Ingredients
- Servings: 14
- 1 1/2 cups graham cracker crumbs
- 1/4 cup sugar
- 1/3 cup butter, melted
- 3 (8 ounce) packages cream cheese, softened
- 1 cup packed brown sugar
- 1 (15 ounce) can solid pack pumpkin
- 2 tablespoons cornstarch
- 1 1/4 teaspoons ground cinnamon
- 1/2 teaspoon ground nutmeg
- 1 (5 ounce) can evaporated milk
- 2 eggs
- 2 cups sour cream
- 1/3 cup sugar
- 1 teaspoon vanilla extract
- 1 pinch ground cinnamon, or to taste
Recipe
-
Preparation Time: 10 mins
Cook Time: 1 hr 5 mins
- preheat oven to 350 degrees f (175 degrees c). lightly grease a 9-inch springform pan.
- combine graham cracker crumbs and 1/4 cup sugar in a bowl; stir in butter. press crust the bottom and 1 1/2-inches up the side of prepared springform pan.
- bake in preheated oven until set and lightly browned, 5 to 7 minutes. cool for 10 minutes.

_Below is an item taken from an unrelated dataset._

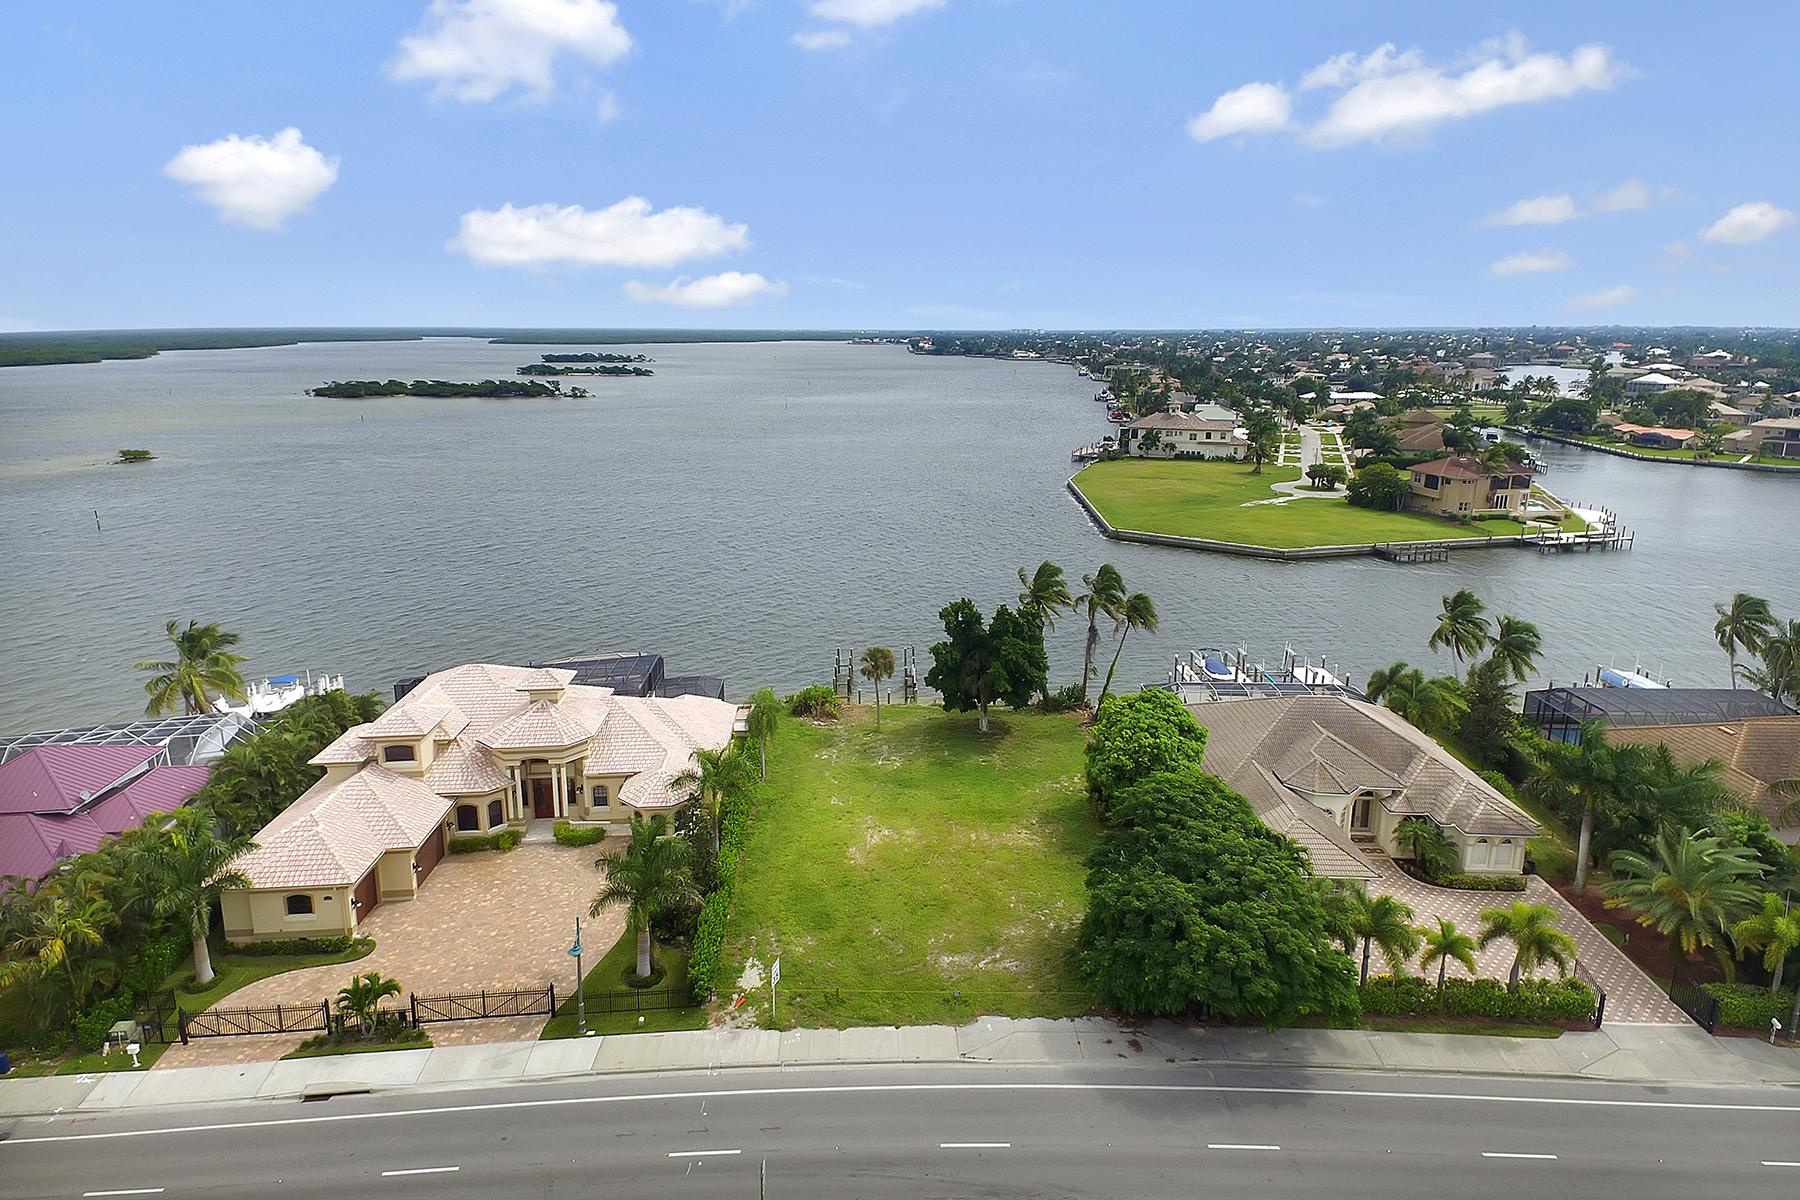 Terreno para Venda às MARCO ISLAND 1389 Collier Blvd Marco Island, Florida 34145 Estados Unidos

- meanwhile, beat cream cheese and brown sugar in a large bowl until smooth. stir pumpkin, cornstarch, 1 1/4 teaspoons cinnamon, and nutmeg into cream cheese mixture. gradually beat in evaporated milk and eggs until just blended; pour into crust. place pan on a baking sheet.
- bake in preheated oven until center is almost set, 55 to 60 minutes.
- combine sour cream, 1/3 cup sugar, and vanilla extract in a small bowl. spread sour cream topping over cheesecake and bake 5 minutes longer. cool on wire rack for 10 minutes, then carefully run a knife around edge of pan to loosen; cool 1 hour then refrigerate overnight.
- remove sides of pan; let stand at room temperature 30 minutes before slicing. sprinkle with cinnamon.